Mais n'est-ce pas là non plus une occasion pour ceux qui échappent encore à cette maladie mortelle d'espérer contre toute espérance, et de ne pas baisser les bras en voyant tant d'autres faire la sourde oreille aux appels de l'Esprit Saint ? Il n'est pas interdit de croire, il est vrai au prix de dégâts considérables, que les hommes et les femmes, les parents d'aujourd'hui, remettent la prière, et donc le Seigneur, à la place d'honneur qui lui revient dans leur maison, pour que l'Esprit Saint puisse venir enfin au secours de leur faiblesse.
Pour terminer, remarquons que la prière de Jésus dans l'évangile de ce jour a pour objet la demande de l'unité. Si l'union fait la force, la division est certainement un aspect significatif de notre faiblesse humaine. Alors que l'unité est le fruit de la grâce, la division est la conséquence de l'orgueil. À propos de l'espérance je citais la définition du Compendium. Voici ce qu'il y est dit à propos de l'unité. Pourquoi l'Église est-elle une (n. 161)?

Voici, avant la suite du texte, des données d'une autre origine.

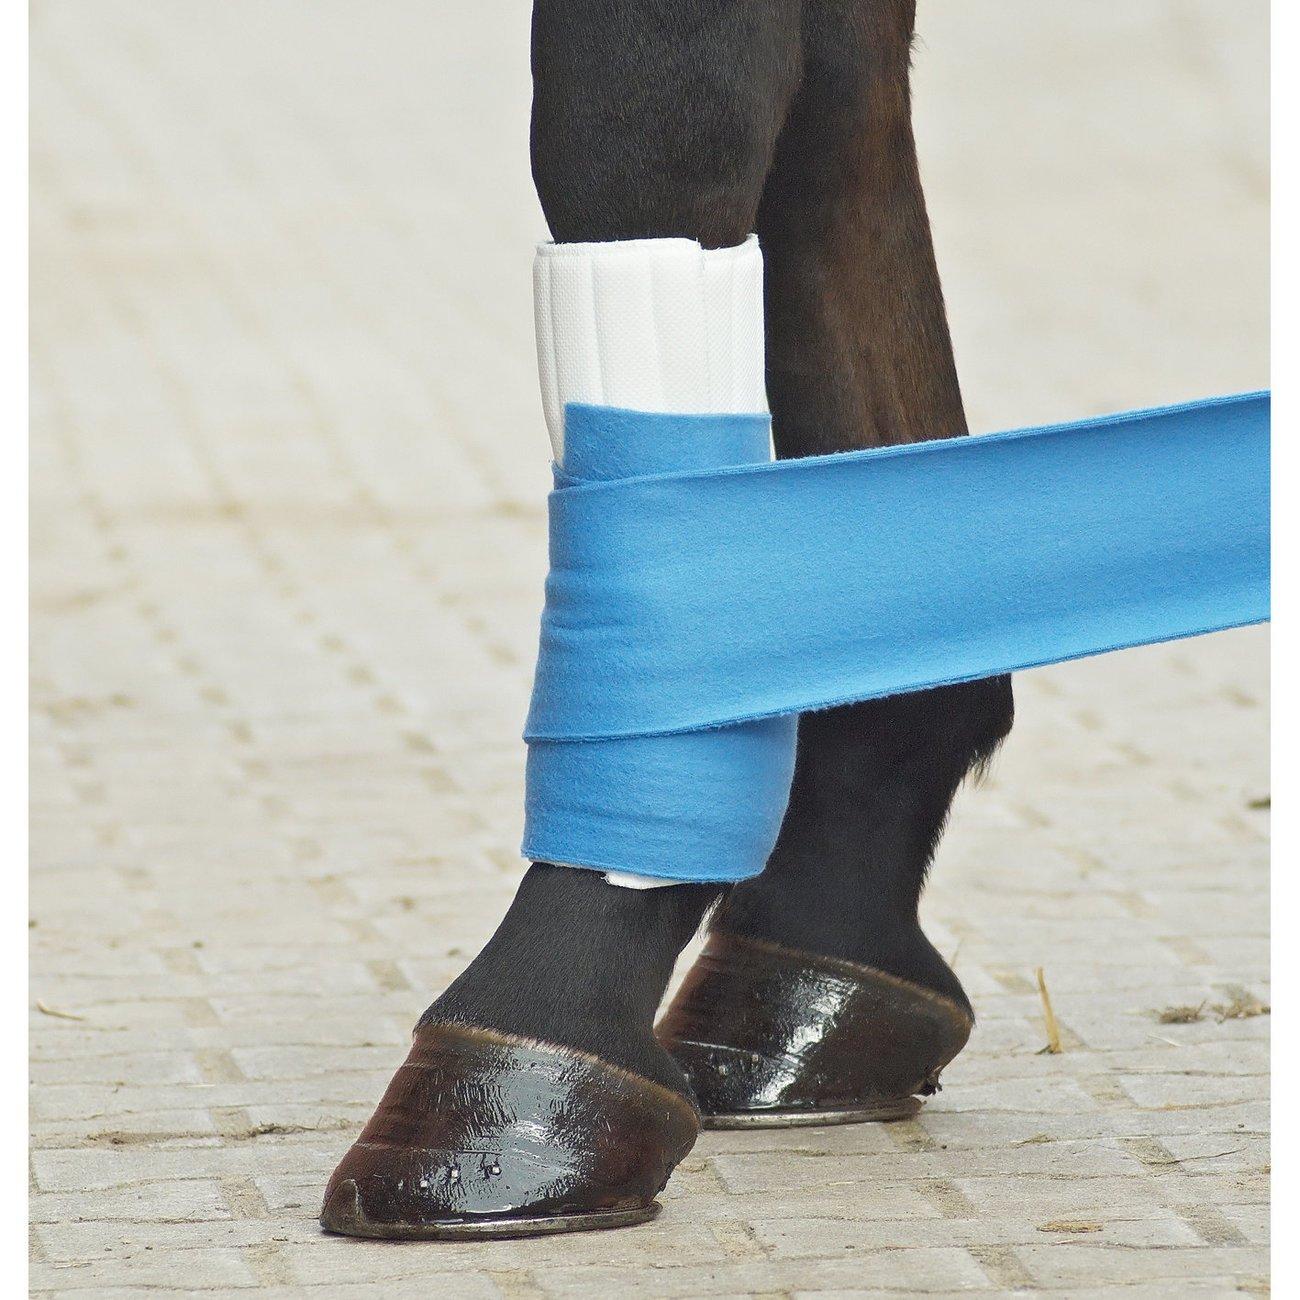 BUSSE Bandagen Unterlagen Klett, Bild 3

Tout cela est le fruit de la grâce de l'Esprit Saint qui vient au secours de notre faiblesse, et sans qui nous ne sommes que misérable misère. L'Église, c'est le miracle permanent de la grâce de Dieu plus forte que notre faiblesse. Ce n'est que dans cette perspective que notre misère devient aimable au sens fort, et que, comme Saint Paul, nous pouvons mettre notre orgueil dans nos faiblesses. "Viens Esprit Saint, Père des pauvres !"
La prière de Jésus dans l'évangile de ce jour a pour objet la demande de l'unité.